Scientists unveil first image ever made of a black hole.
• Event Horizon Telescope released the first results of its findings, in a ‘ground-breaking’ discovery that proved Albert Einstein’s theory of general relativity
• Black holes form from remnants of a large star that dies in a supernova explosion
Scientists have revealed the first-ever glimpse of a super-massive black hole today, as the Event Horizon Telescope released the first results of its findings, in a ‘ground-breaking’ discovery that proved Albert Einstein’s theory of general relativity.
The results were presented simultaneously by researchers in Brussels, Santiago de Chile, Taipei, Tokyo and Washington.
“We’re about to announce a huge break-through for humanity. We’re about to take a picture — a picture that one man alone dreamed alone a hundred years ago: Albert Einstein. The idea that when the mass is too heavy, you make a hole, where nothing can get out of it and all is absorbed," the EU’s chief of research and science Carlos Moedas said at the press conference in Brussels.
The collaboration of scientists reveals what is called the “event horizon," the boundary at the edge of a black hole where the gravitational pull is so strong that no conventional physical laws apply and nothing can escape.
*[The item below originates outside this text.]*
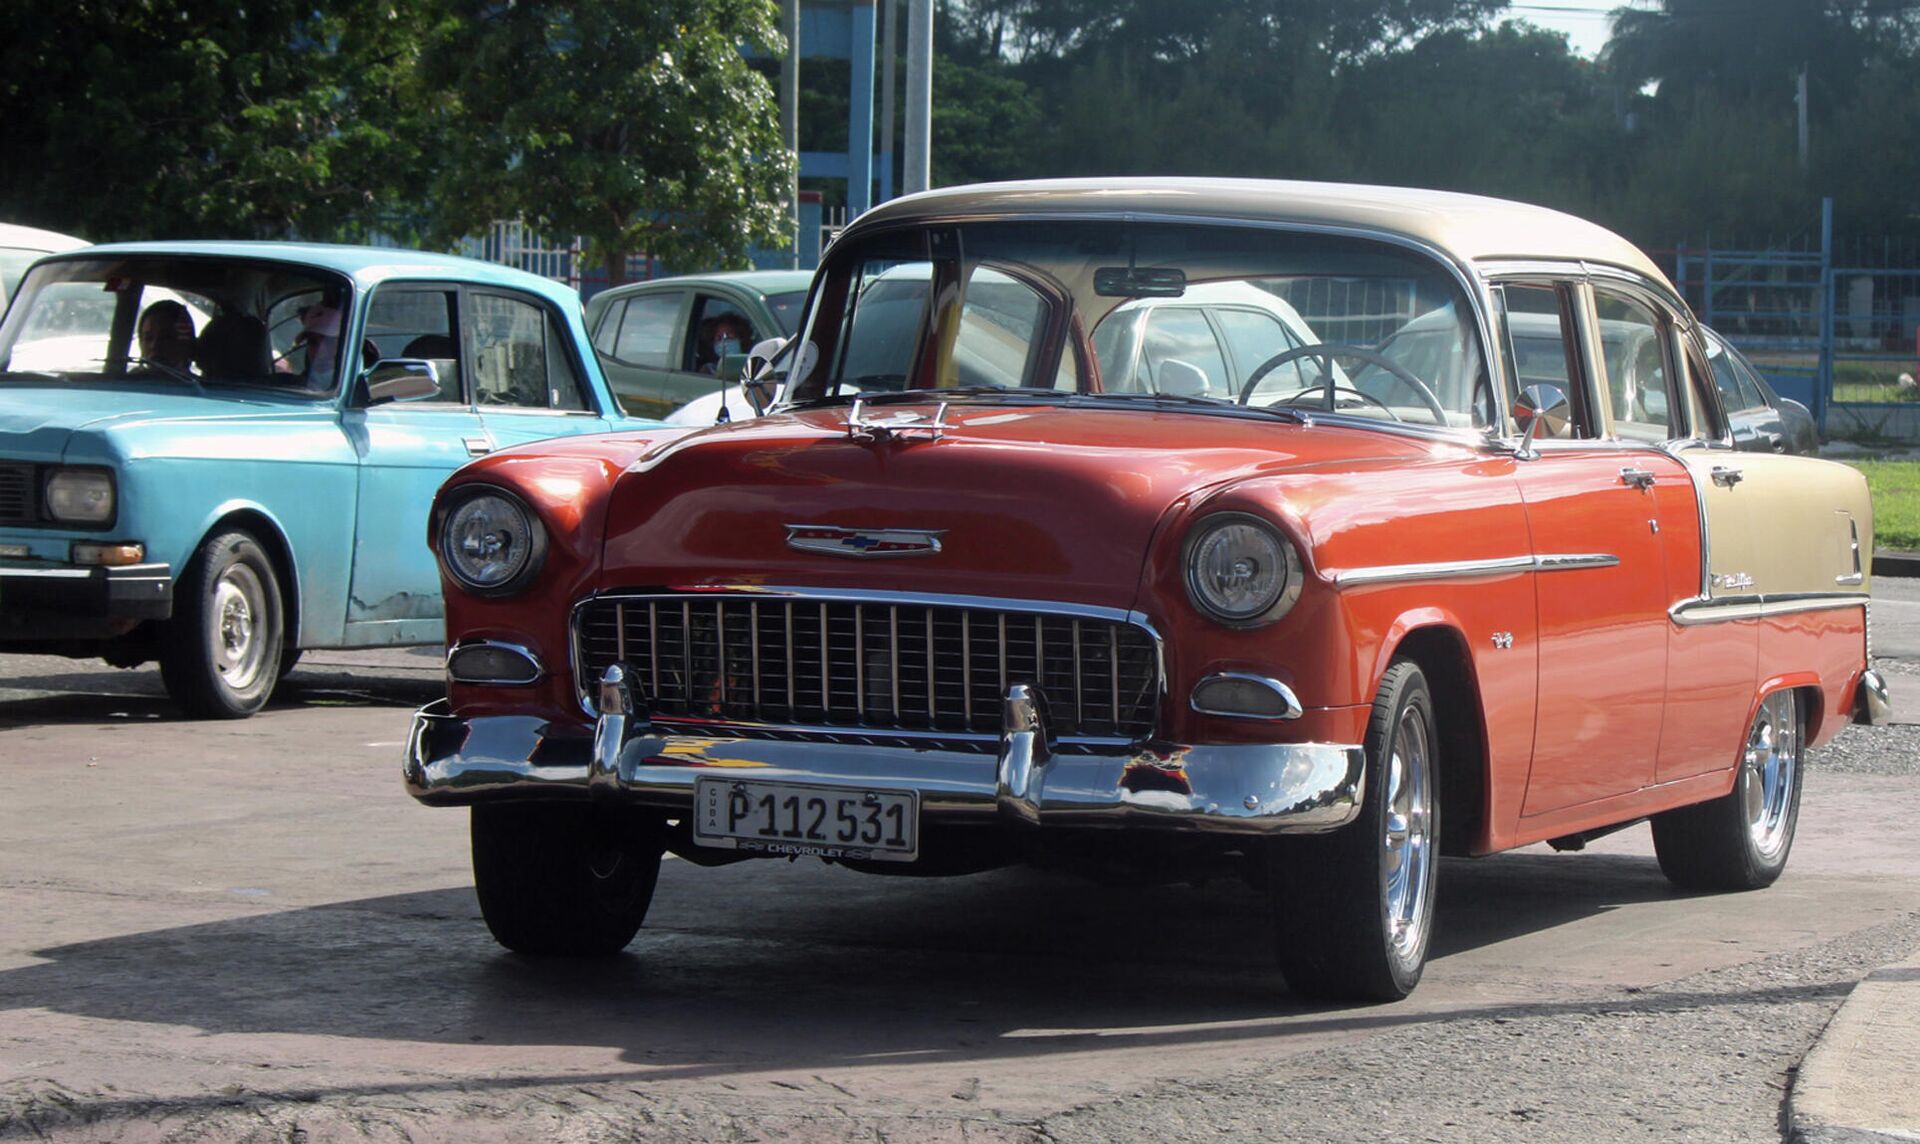 Autos de fabricación estadounidense con más de 65 años de explotación que aun circulan por las calles de Cuba - Sputnik Mundo, 1920, 05.10.2021

The existence of black holes, one of the more mysterious objects in the cosmos, has been universally accepted even though little is known about them. Black holes form from remnants of a large star that dies in a supernova explosion. Scientists estimate there could be as many as a billion black holes in the Milky Way, according to NASA.
The EHT’s work focuses on two super-massive black holes — the first, dubbed Sagittarius A-star, sits at the center of the Milky Way with a mass of around 4.3 million times that of the sun and located 25,000 light years from earth. The second lies at the core of the M87 elliptical galaxy, about 50 million light years from earth, and is 1,500 times more massive than the Sagittarius A-star.
Eight telescopes across the globe participated in the observations in 2017. They have been connected to create a virtual earth-sized telescope allowing to “measure the size of the emission regions of the two super-massive black holes with the largest apparent event horizons," the EHT says on its website. The telescopes are scattered from volcanoes in Hawaii to Atacama’s desert in Chile to Antarctica and Europe.
'I’m really proud, proud of science because science is giving a lesson to politicians. To take a picture that one man dreamt years ago, you need people from 40 countries.
I’m proud of Europe because we have invested so much in this project,' Moedas said. This major scientific achievement marks a paradigm shift in our understanding of black holes, confirms the predictions of Albert Einstein’s General Theory of Relativity and opens up new lines of enquiry into our universe, the EU said in a statement.